今年最初の人物クロッキー会のお知らせです。
2月のクロッキー会は女子高校生にモデルをしてもらう予定です。寒い季節なので、肌の露出は少な目です。

画材は各自でご持参下さい。(厚口画用紙は四切100円・八切50円で販売もしております。)鉛筆はB以上の柔らかめの鉛筆を数本、消しゴムは練りゴムを準備する事をお薦めします。スケッチブックはお好みの紙の質で構いませんが、20分×5ポーズですので、それなりの枚数を描く事を想定して選んで下さい。同一ポーズでじっくり描き込む内容ではありませんのでご注意ください。サイズはあまり小さいと、人形や漫画を描いているような仕上がりになってしまいます。B4以上の大きさが望ましいでしょう。

座りポーズ・寝ポーズ・捻りの効いた立ちポーズなどをとってもらう予定です。筋肉や骨格を観察しパーツで描写したり、全体のフォルムを描いてみましょう。人物画に慣れていらっしゃらない方は、あせらず、例えば手だけをじっくり観察しスケッチするだけでも勉強になるはずです。
基本的に自由に描いて頂く授業ですので指導・講評はいたしませんが、アドバイスをご希望の方は、お申し出頂ければモデル休憩時間に拝見させて頂きます。
美術を勉強中の学生や、外部の方でもご参加頂けますので、どうぞ多くの皆様のご参加お待ちしております!
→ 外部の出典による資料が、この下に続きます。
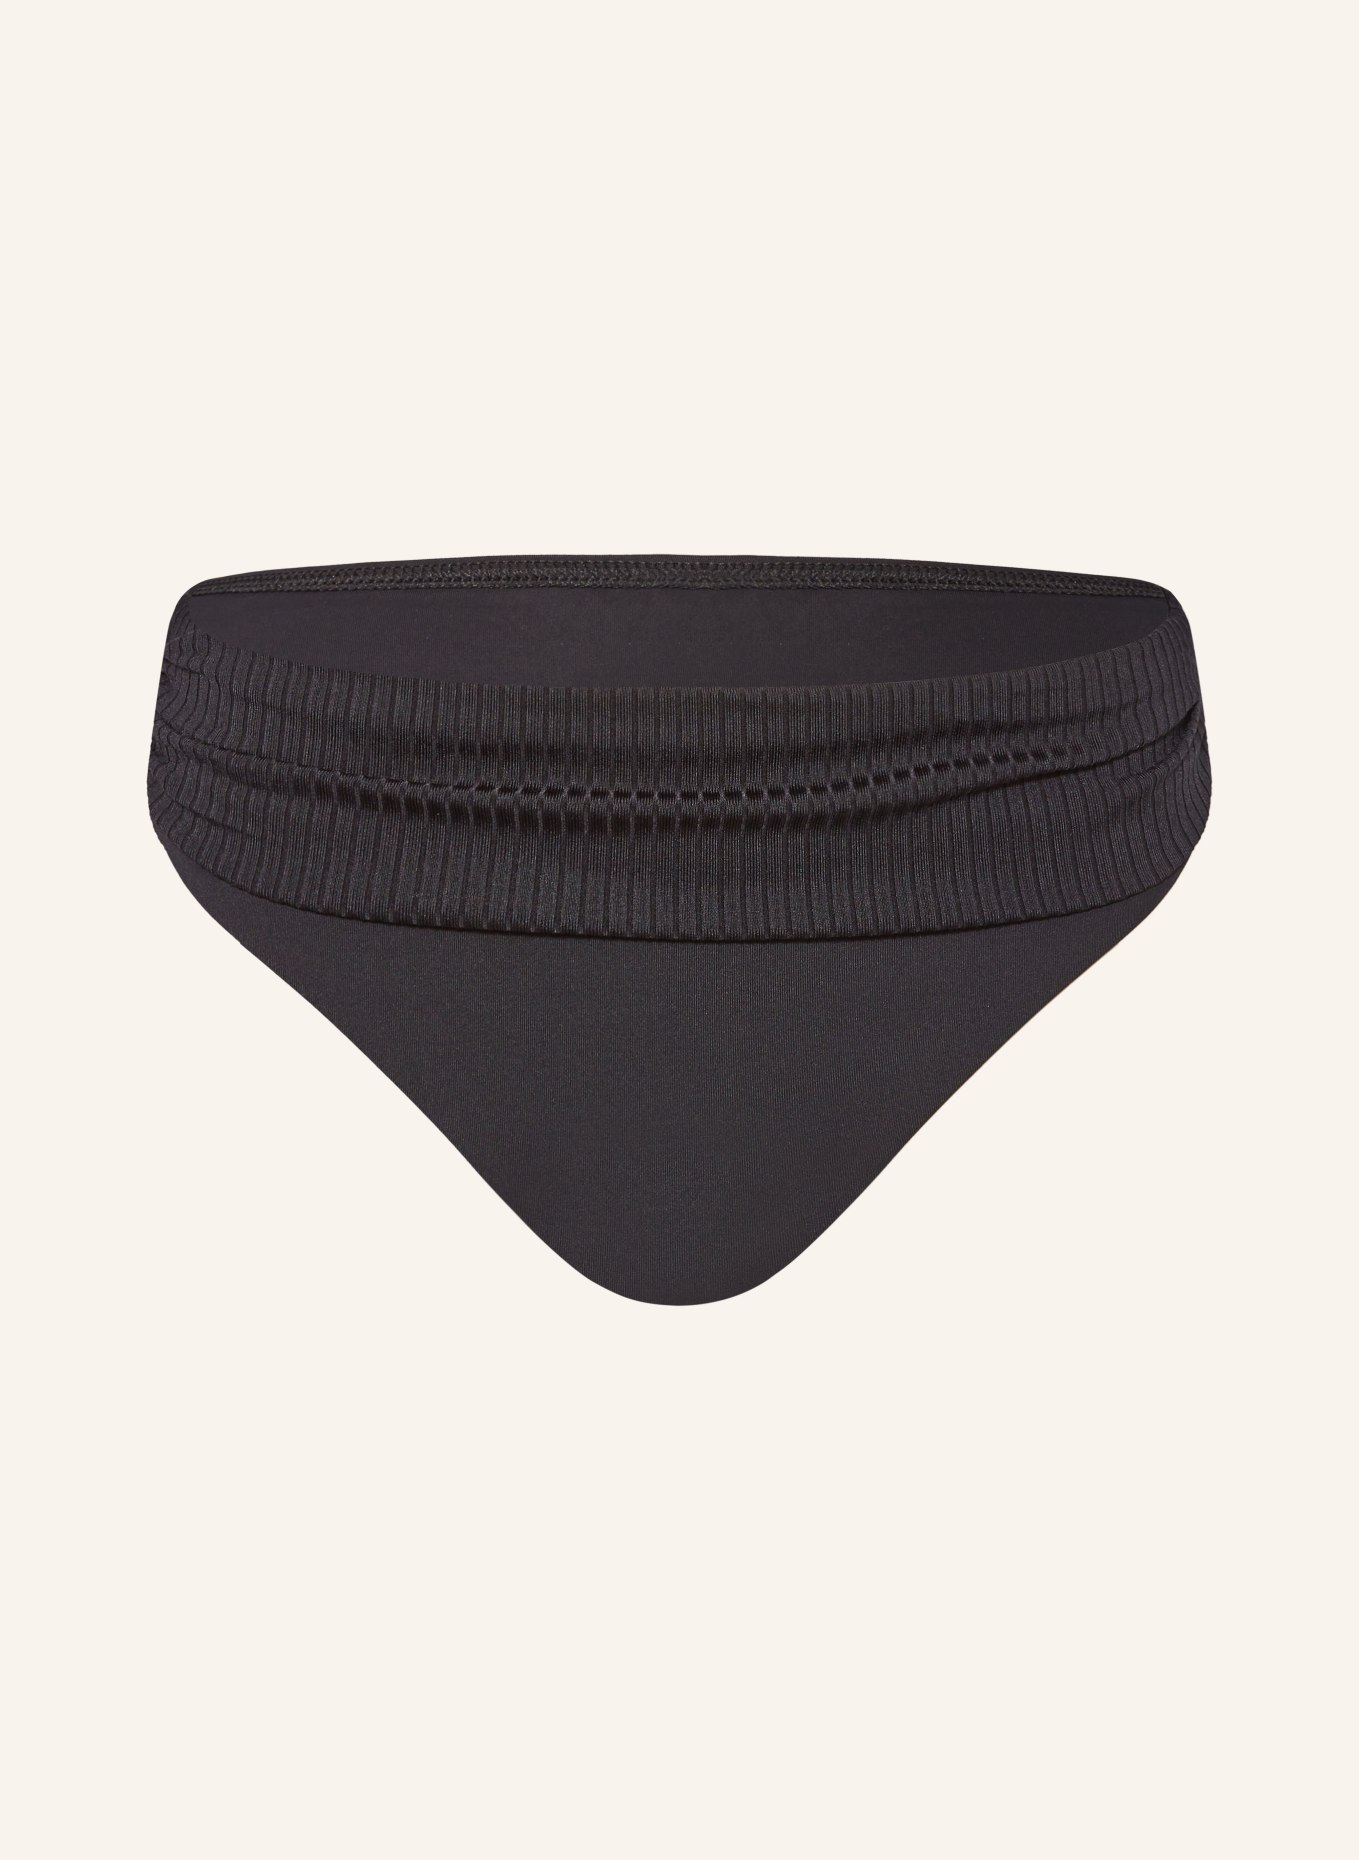 CYELL Basic bikini bottoms CAVIAR, Color: BLACK (Image 1)

日時   2月3日(土) 16:00~18:00 (入室は15分前より可能です。)
参加費 1500円 (ミオス生徒 1000円)
持ち物  スケッチブック、画材etc (イーゼル、画板、イスなどはご用意してあります。)
お申し込みはお電話でお願いします。   044-411-1600

英保さん展示会のお知らせ

英保 油彩

皆さん暫く寒い日が続きそうですがお元気ですか!
今回は土曜午前クラスの英保さんの油彩をご紹介致します。

こちらは英保さんがアメリカ・ボストンへ旅行された際に撮られた一枚を元に描かれたものです。日本には見られない雰囲気のあるアパートメントですがこの赤い扉こそが英保さんの心を動かしたのです。

こうした建物を描く場合、英保さんは比較的時間をかけじっくり仕上げていくのですが今回は短時間でその場の雰囲気を出すという心構えで挑んだ作品。脇役はチャチャっとあしらい、主役の扉をバシッと決める。そうした潔さが画面にメリハリをつけ、特段この白い枠に囲まれた赤扉を際立たせているのです。
そして左側からすっと伸びた有機的なグリーンを配し、扉と対比させながらも補色関係を作ることで画面バランスをちゃんと取っているという策士の英保さんの一面が伺えます。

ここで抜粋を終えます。